Port-xen archive

[Date Prev][Date Next][Thread Prev][Thread Next][Date Index][Thread Index][Old Index]

Re: timekeeping regression? (a possible clue about the ~7.5 days)



[[ Note there's a question buried down there in my ramblings about what
   I should print in ntp_adjtime(2) to see what ntpd is doing. ]]

So some possible clues, or at least one new possible clue, for the weird
event that happens after ~7.5 days, or somewhere between about 650,000
and 660,000 seconds, of uptime.

It turns out the Xen watchdog reboots I've observed recently may have
been caused by these timekeeping problems, which of course makes sense
since the watchdog is essentially a timer.  With my latest version of
xen_clock.c both my machines have been rebooted after ~7.5 days by
xenwatchdog.

I've run xenwatchdogd with the (standard?) parameters "30 15".

What I've observed on both my local machines is a sudden change in the
direction of change of the delta, between Xen system_time (aka "Xen wall
clock time") and NetBSD nanouptime().

I noticed this because in my new xen_clock.c I added a printf() in
xen_rtc_set() to answer my question about whether xen_rtc_set() could
avoid using xen_glocal_systime_ns() (i.e. the Xen kernel's system_time)
by simply using nanouptime() instead.

One thing this printf() revealed is that there is a difference between
the initial nanouptime() value and what Xen knows as system_time, and of
course this is an expected thing since the dom0 kernel starts after the
Xen kernel is already running.

What I didn't expect is a constant drift between these values, though
perhaps I should have given how the code works.

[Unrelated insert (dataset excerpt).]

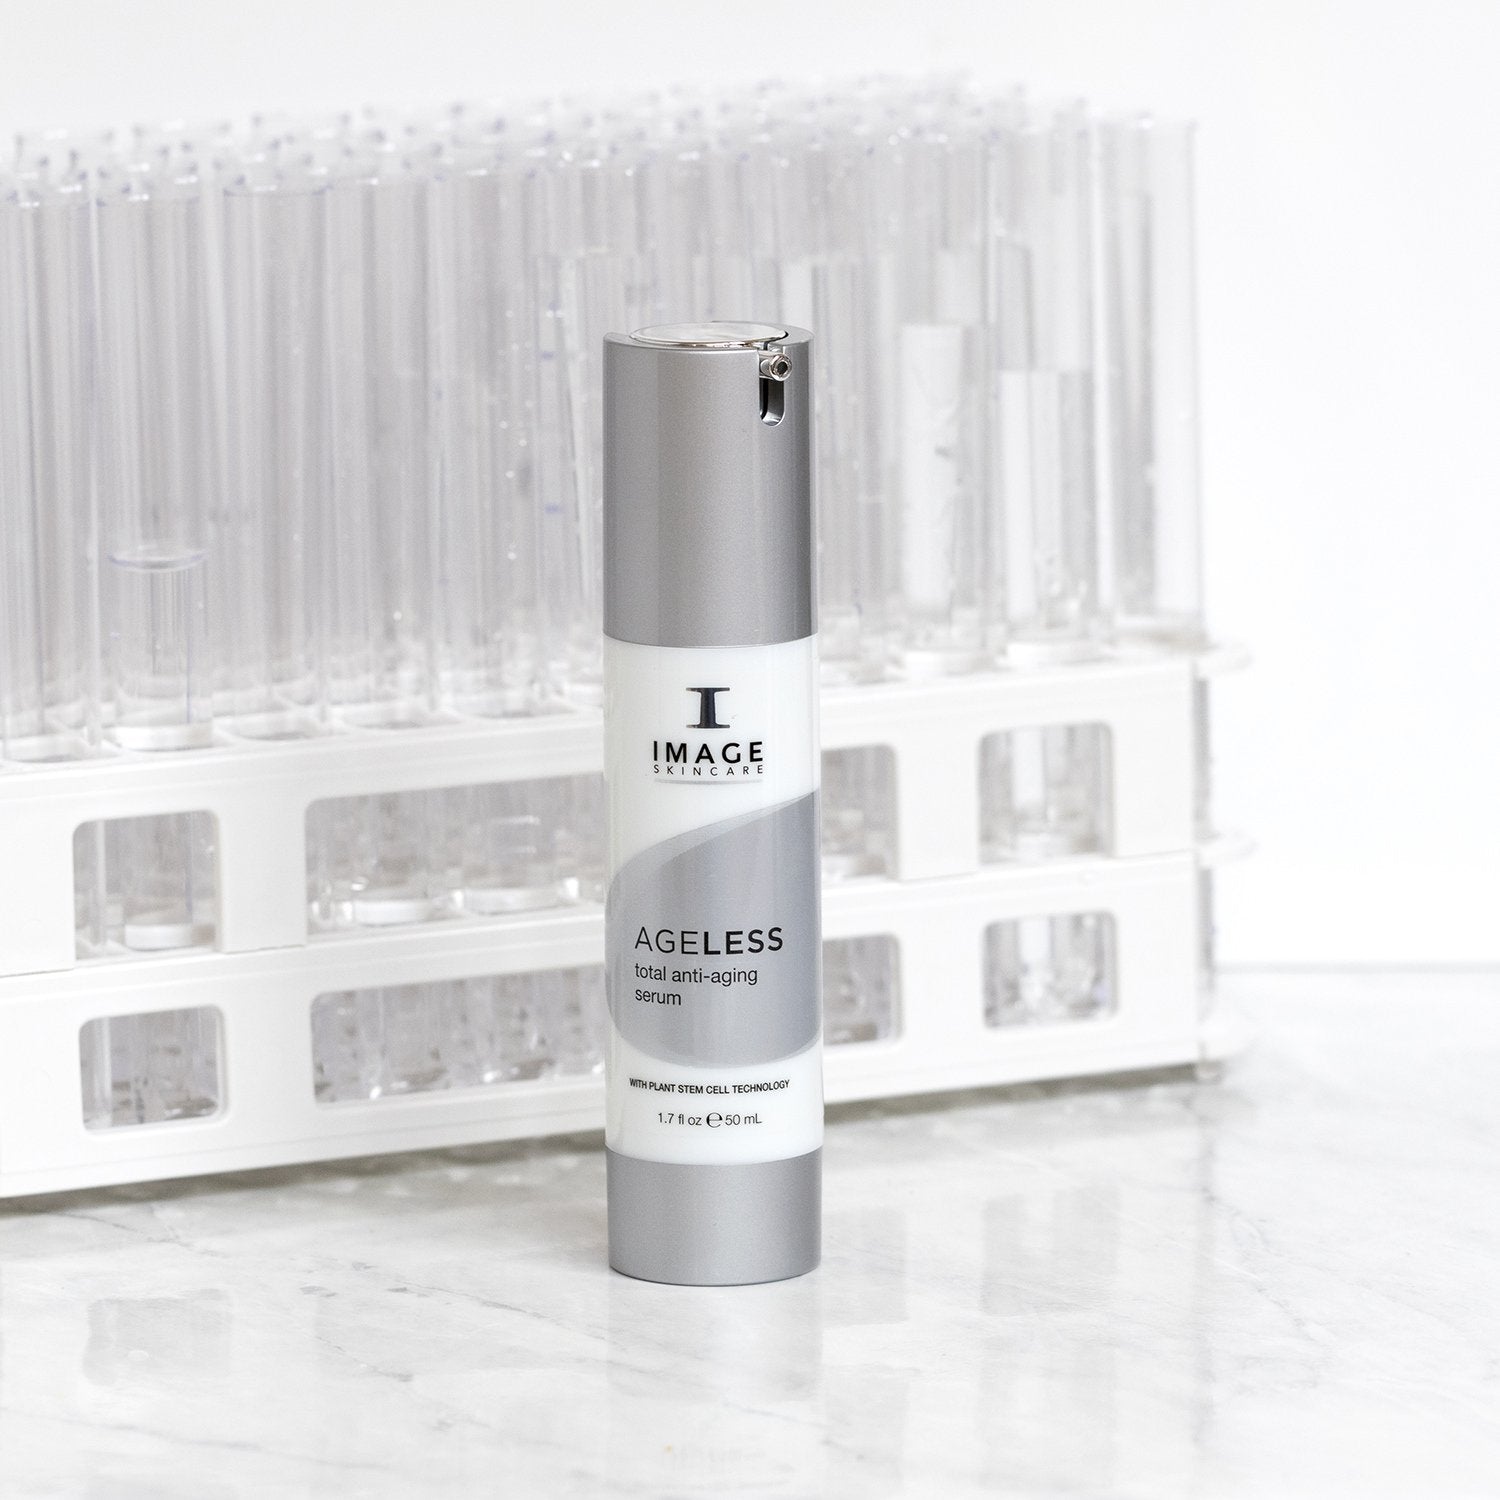 AGELESS total anti-ageing serum with plant stem cell technology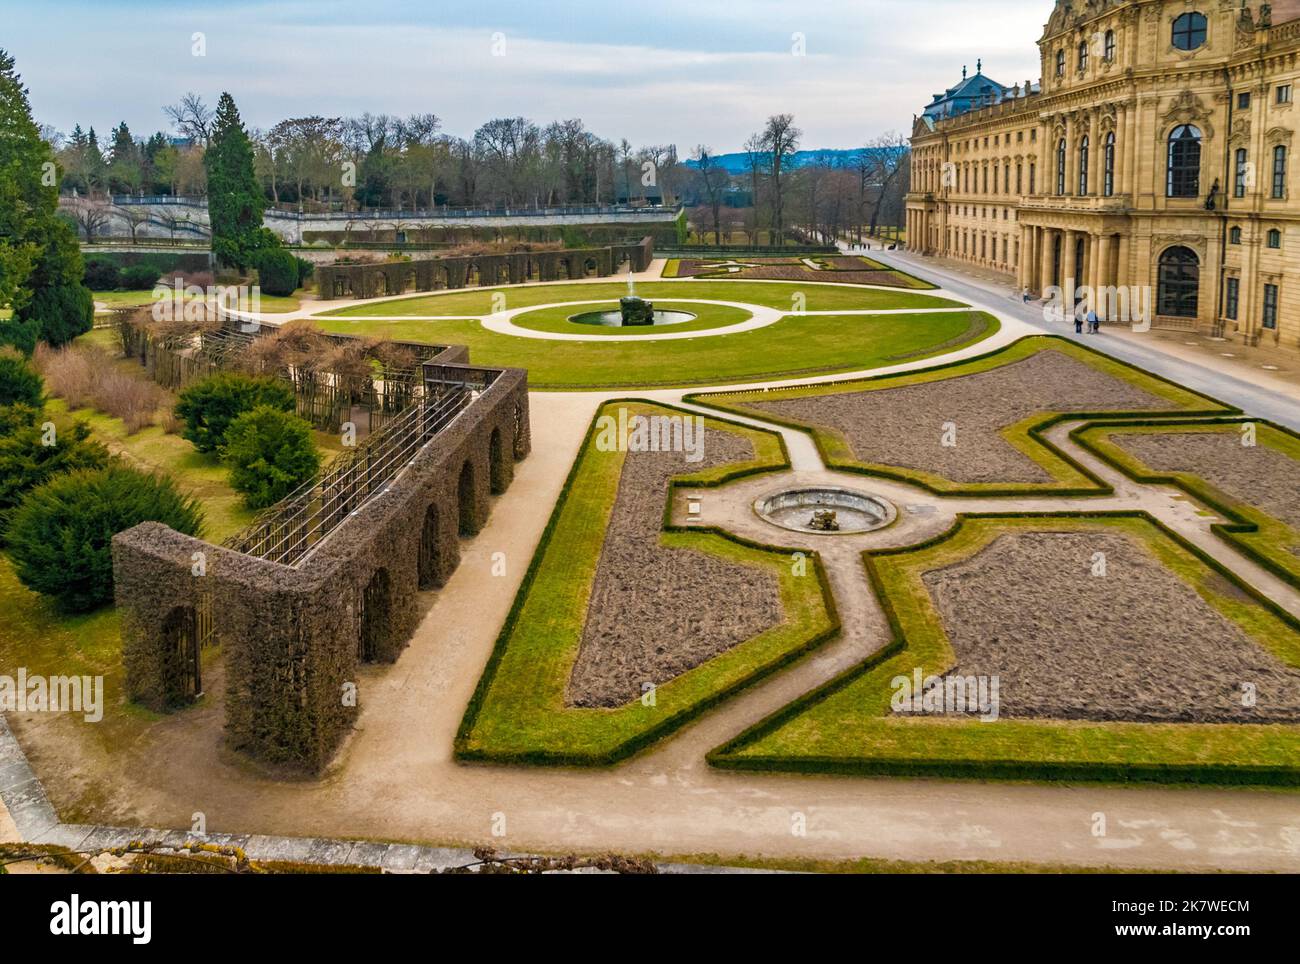 View of the eastern part of the Court Garden of the famous Würzburg Residence, designed in a formal Baroque style. Farther away, the style changes to... Stock Photo

Both the Xen kernel and the dom0 kernel should be using the same formula
for converting TSC values to nanoseconds so they shouldn't drift with
respect to each other on that account.

The only other explanation I can see for this drift is that it is the
time between when the Xen kernel sets the vcpu_time_info->system_time
value and when the dom0 kernel fetches that value and then submits it
back as the new system_time with XENPF_settime.

The execution time between those milestones is always "lost" (i.e. it is
unaccounted for), while no loss occurs in the timer used by nanouptime()
since it's using the un-adjusted "raw" TSC value.  (RDTSC is _not_
emulated for dom0)

(To me this may raise again the argument that dom0 should use
nanouptime() for xen_rtc_set() since that's the value directly related
to the wallclock time provided in tvp to xen_rtc_set().)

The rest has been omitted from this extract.